Мало того, ему даже в голову не приходило причислять его к когорте людей благородного происхождения. К династии разбойников-гайдуков, сумевших сколотить нужное состояние, — это другое дело.
— Причем одна из итальянских ветвей его восходит к истокам «черной знати». Надеюсь, вам известно, что кроется за этим термином?
— В общих чертах, — еще невнятнее проговорил помощник атташе.
— Так что, как говорили древние, «Noblesse oblige», что означает: «Благородное происхождение обязывает». Однако не будем терять времени, записывайте адрес.
Впрочем, уже минут пятнадцать спустя в кабинете Дэвисона вновь раздался звонок, и почти баритонный женский голос от имени господина Боша уточнил: в связи со вновь возникшими обстоятельствами встреча с ним состоится на час позже. Но уже в хорошо знакомом господину капитану ресторане «Охотный ряд», больше известном в среде его завсегдатаев под неофициальным названием «Купеческий».
Услышав это название, капитан удивленно вскинул брови. В последние месяцы он и в самом деле несколько раз побывал в этом ресторане, поражавшем воображение безвкусным, но дорогим, по-настоящему купеческим убранством, а еще — чувственным «музицированием» недавно возникшего цыганского ансамбля. Из-за которого Дэвисон, собственно, и назначал встречу в «Охотном ряду»
Однако дело не в этом. Его поразило, что кому-то из окружения Боша известно было о его посещениях этого богоугодного заведения. «Ничего не скроешь, пребывая в этом городе и в этой должности, — удивленно покачал головой. — Причем никогда не предугадаешь, у какой именно службы и какой страны находишься в тот или иной час «под колпаком».
Недовольно покряхтев, помощник атташе взглянул на часы. Как всякого пунктуального делового человека… Да что так, как всякого истинного американца с неистребимыми британскими корнями подобные переносы его раздражали. Тем более что у него тоже появлялись некие «вновь открывшиеся обстоятельства». Тем не менее на встречу он всё же прибыл, хотя и с пятнадцатиминутным опозданием, да простится ему.
Москва. Ресторан «Охотный ряд».
Апрель 1961 года
Почти все столики в ресторане были свободны, но именно поэтому Дэвисон какое-то время нерешительно осматривался, прежде чем выбрать место у разукрашенного витражом готического окна.
— Обычно вы садились вон за тот столик, что у колонны, сэр, — напомнил ему знакомый официант, не упускавший возможности поупражняться в своем неизгладимом грузино-английском языке.
— Что же вы, любезнейший, допустили, чтобы его занял некий самозванец? — кивнул в ту сторону капитан, иронично ухмыляясь.
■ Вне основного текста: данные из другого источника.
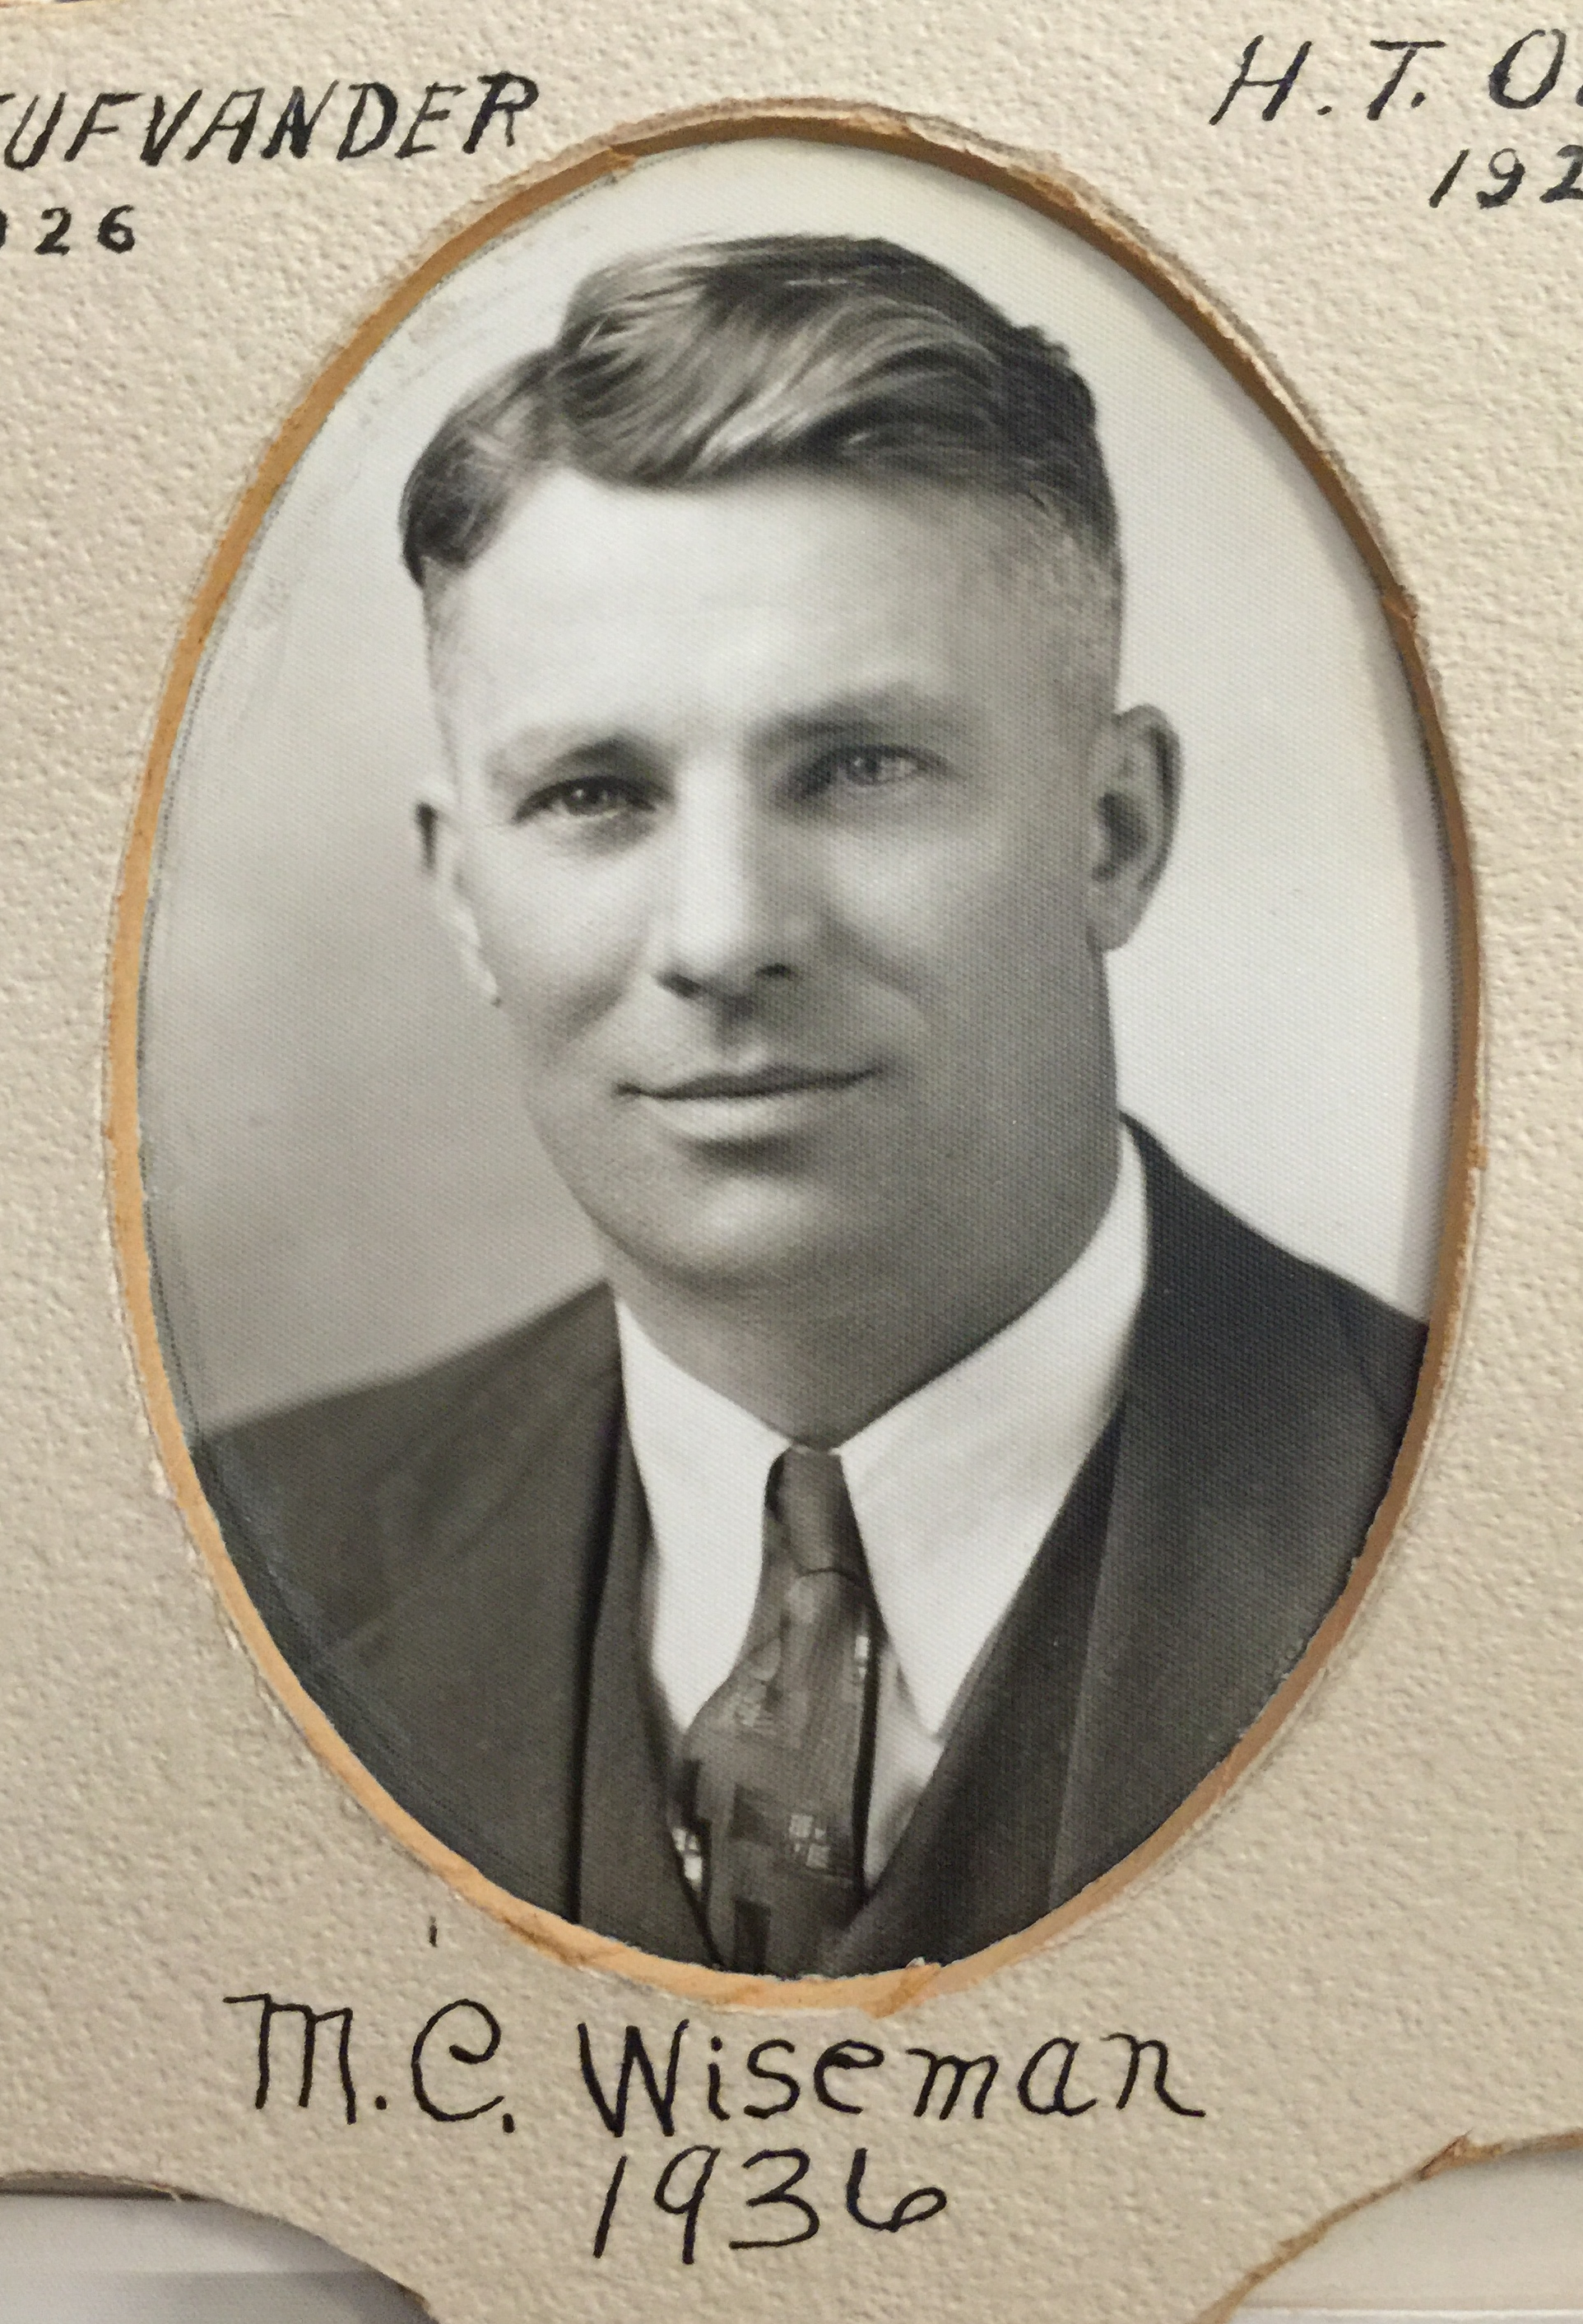 1936 M.C. Wiseman

Заимствованные когда-то давно, у белогвардейцев, слова «любезнейший», «милейший» и «позволю себе заметить» он всегда произносил только по-русски, как правило, поражая этим своих московских собеседников.
— Если бы вы заказали столик по телефону, — ничуть не смутился официант, — то конечно же… И потом, господин, подсевший к «вашему» столику, успел попросить, чтобы вы заняли свое привычное место у этого же столика.
— И вы указали ему это мое «привычное место»?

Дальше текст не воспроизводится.